The Guardian Magazine, on the other hand, says this, "Warfare provides people with a semblance of psychological positivity in oppressed societies where other outlets are lacking". Now that almost sounds noble. It's like I get it. I see why people will fight for that.

But the article goes on to say, "In most cases, wars are initiated by governments, not by populations". In other words, people don't want to go to war. Their governments get them into this. --"and most of the time, are the result of disputes over resources and land, or of a government's desire to increase its influence and power".

So it's a good question, where do wars come from? But that is really not the question of James. The question of James, he's not dealing with a war in general, or warfare in the world. Notice how he puts his question, "where do wars and fights come from among you?" Now the "you" in James' mind are the believers. Where do wars come from among you Christians?

So scholars or commentators will make note of this fact to kind of give the nuance.
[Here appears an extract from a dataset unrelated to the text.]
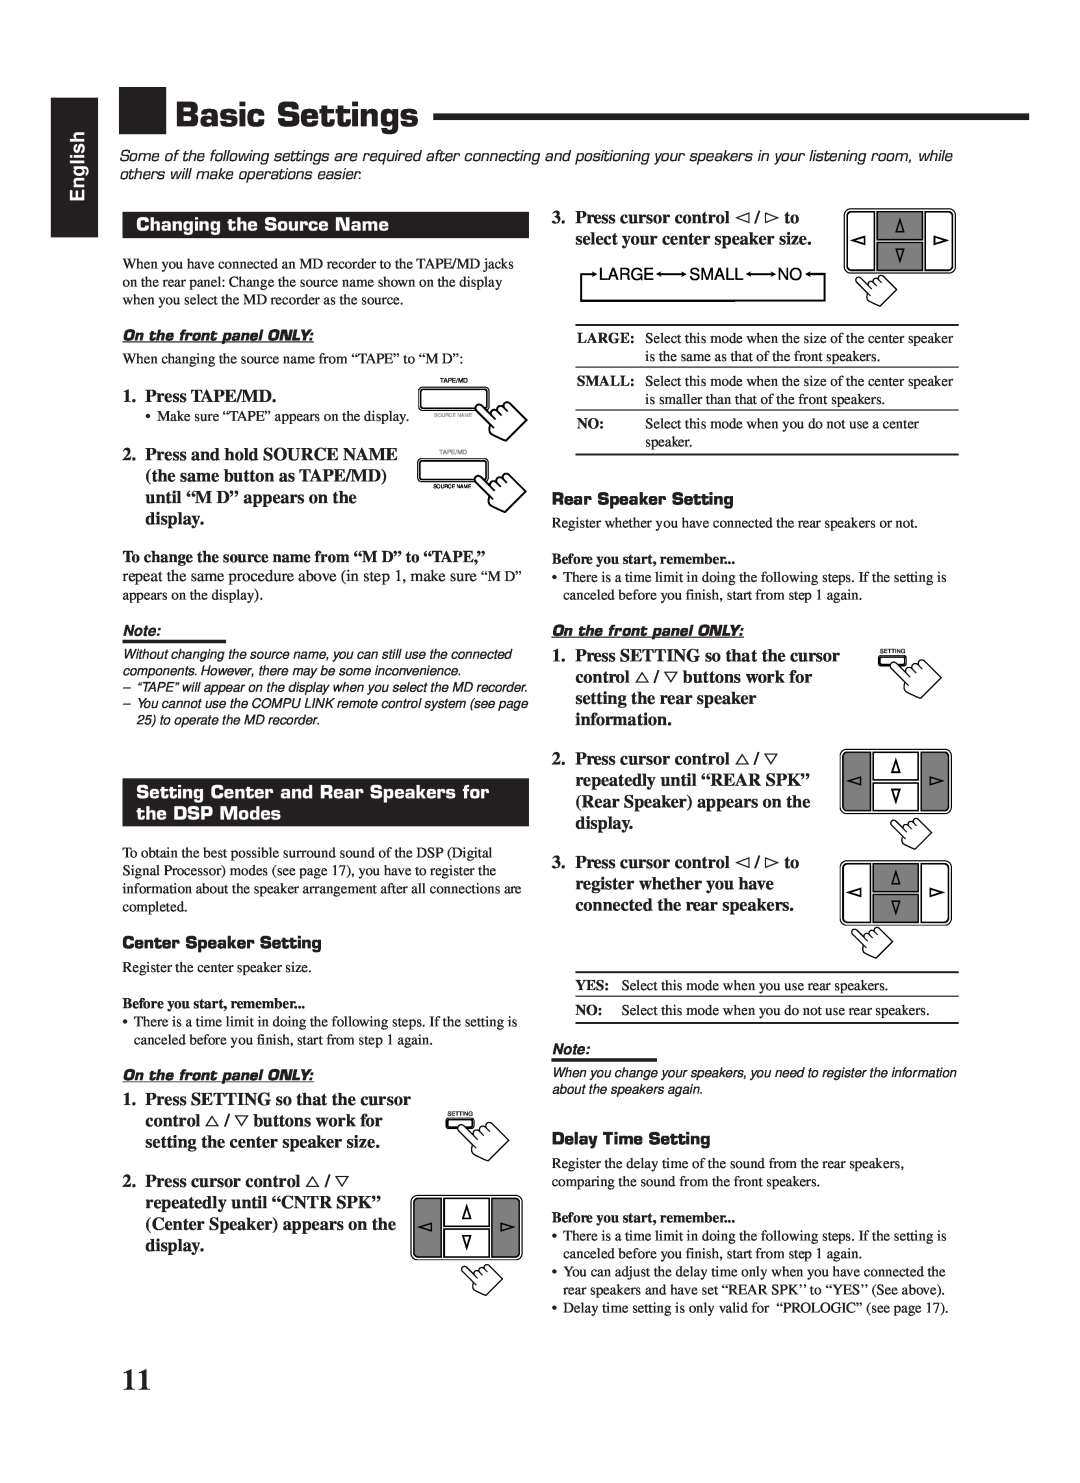 JVC RX-558RBK manual Basic Settings, Changing the Source Name, Setting Center and Rear Speakers for, the DSP Modes, English

You'll notice in verse 1 the difference between wars and fights. See those two words? What they'll say is, wars describes the underlying conflict that you might have with another person, whereas fights are the expressions, you know, the outward expression, the flare-ups, that come. Where do those things come from? Either way, they describe a combative relationship between church members, church people.

One of my favorite psalms, Psalm 133, there's only three verses in that psalm, and that's not why it's my favorite psalm, but it begins this way. See if you remember this, "behold, how good and how pleasant it is for brethren to dwell together in unity".

It's a good psalm. The opposite is also true. Behold how bad and how unpleasant it is when brethren don't dwell together in unity. Where instead of extending the right hand of fellowship, they want to extend the right fist of fellowship. Not good. Unpleasant. Not helpful.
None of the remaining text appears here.